Excerpt from the novel Son of the Dragon icon-external-link-12x12 icon-search-12x12 by Victor T. Foia icon-external-link-12x12 icon-search-12x12

     “I could hear the racket made by these kids a mile away,” Omar shouted above the din of crying voices. He was addressing Zekaï, who was feeding the prisoners, but his anger was directed at his other two brothers. “You should know better than to let this noise go unchecked. If I could hear it, so could anyone else passing by.”
     The Akincis’ campsite was in a gulch, with a trickle of water running at the bottom and scrubby bushes clinging to the banks.
     “Any passerby too nosy for his own good will end up like that one,” Sezaï said, pointing at what looked like a heap of rags tossed between two boulders. “An old man who got too curious. He was snooping around up there, on the lip of the ravine.”
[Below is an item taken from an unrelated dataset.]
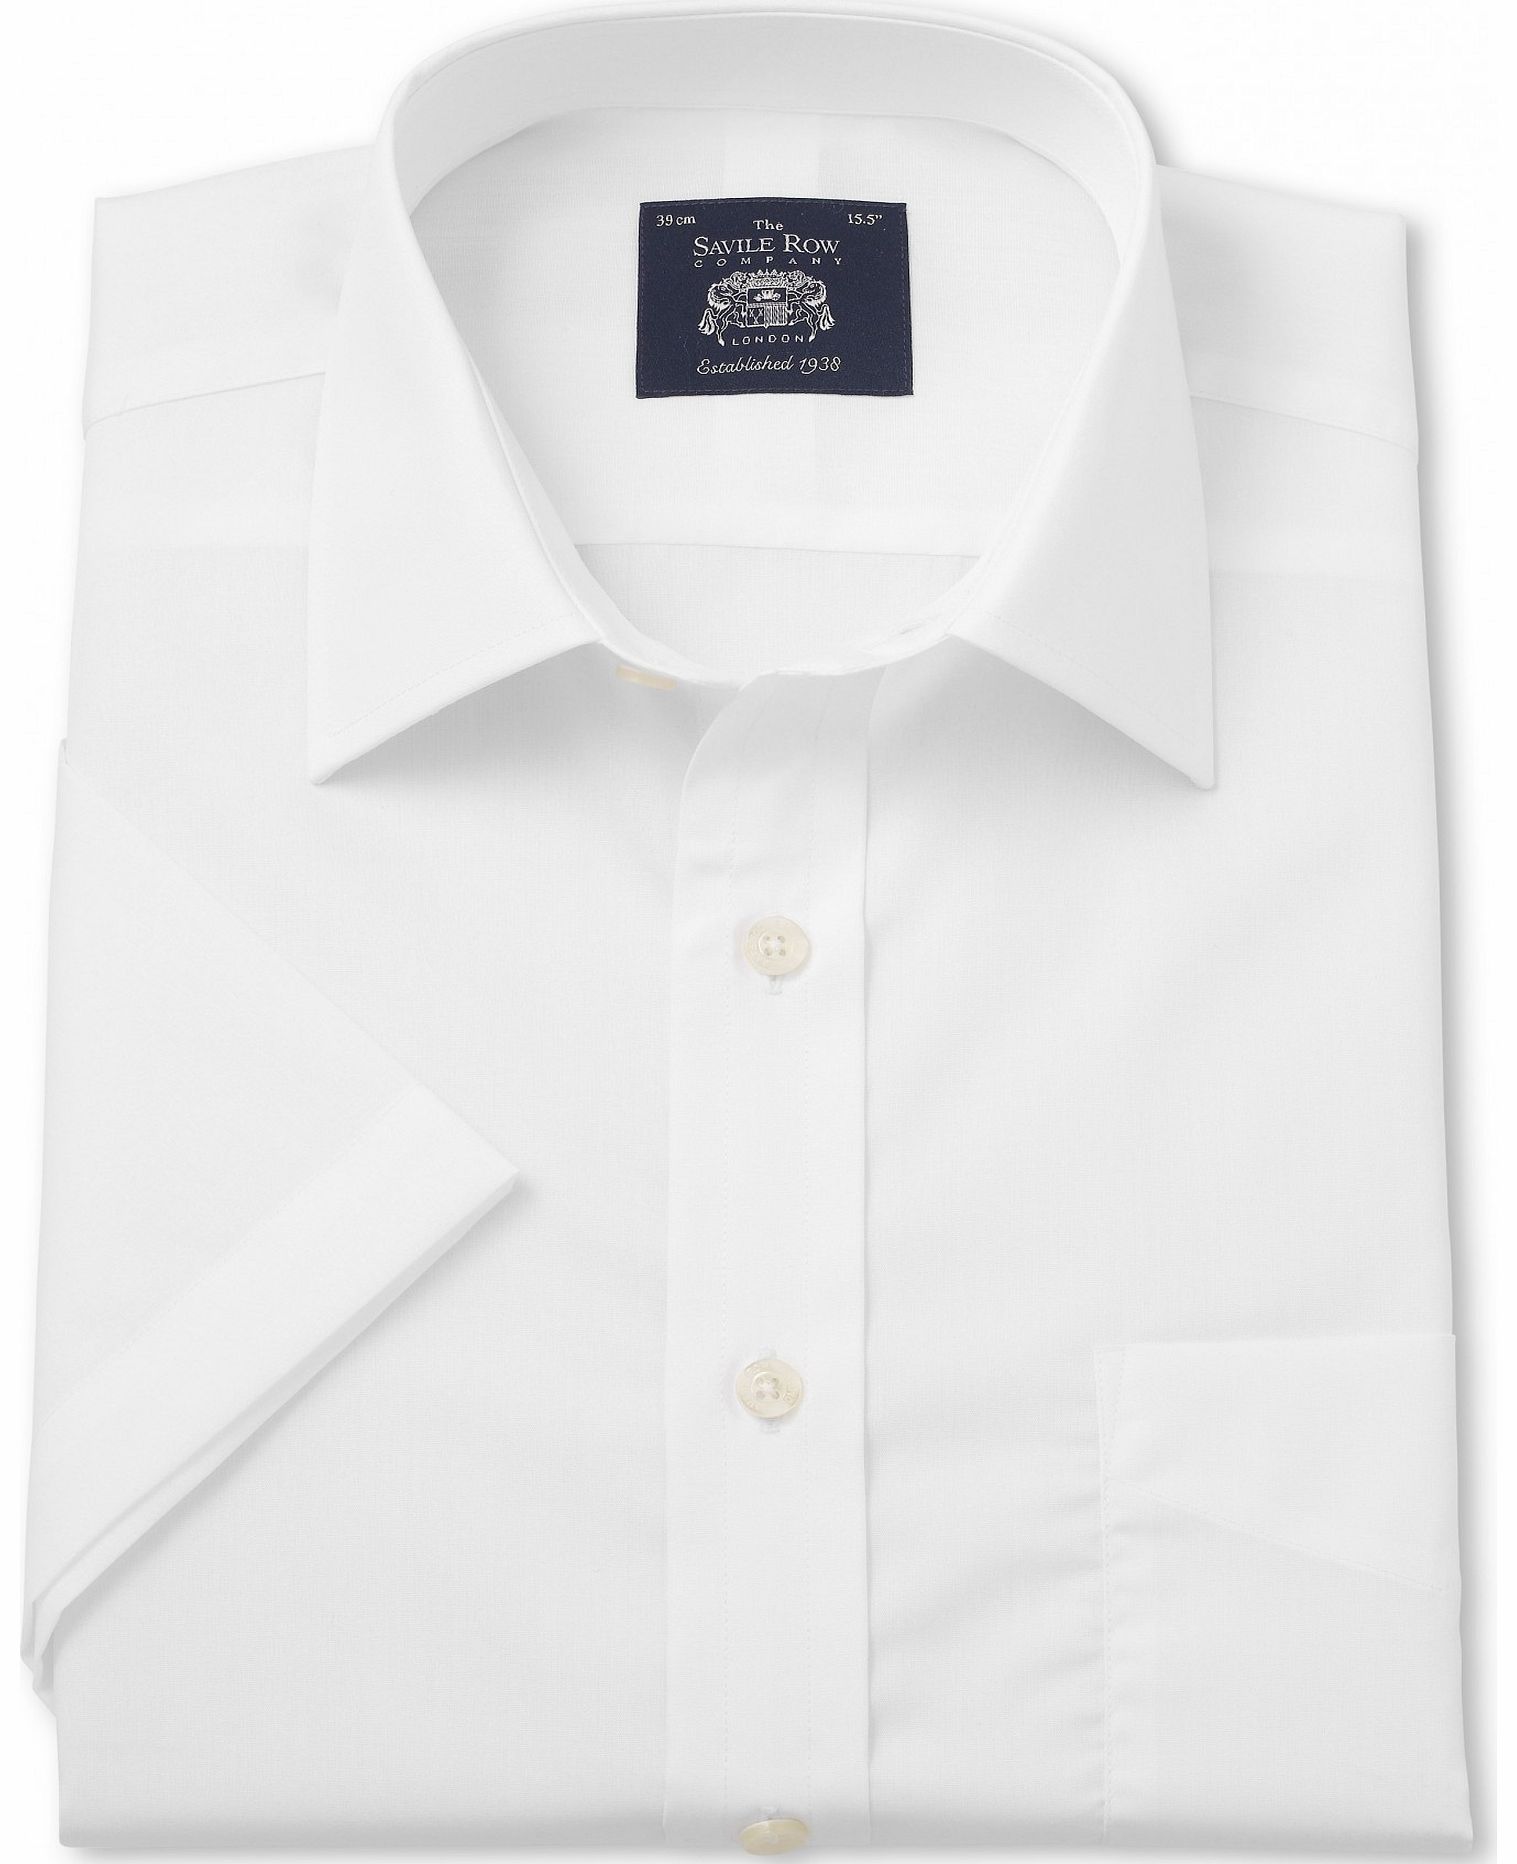 Savile Row Company White Poplin Classic Fit Short Sleeve Shirt 17

     “I got him from down here, with the first shot,” Redjaï said, grinning proud. “By the time Sezaï loosed his arrow, the man was already tumbling down the slope. His head split like a watermelon on that rock.” He pointed at an outcrop halfway up the bank. The two brothers chuckled at the memory of the happy incident.
     Neither one of his middle brothers had much brains. Omar had tried to teach them to prevent problems, not just solve them. And now, here they sat in the middle of an open pen, letting the noise fly off in all directions.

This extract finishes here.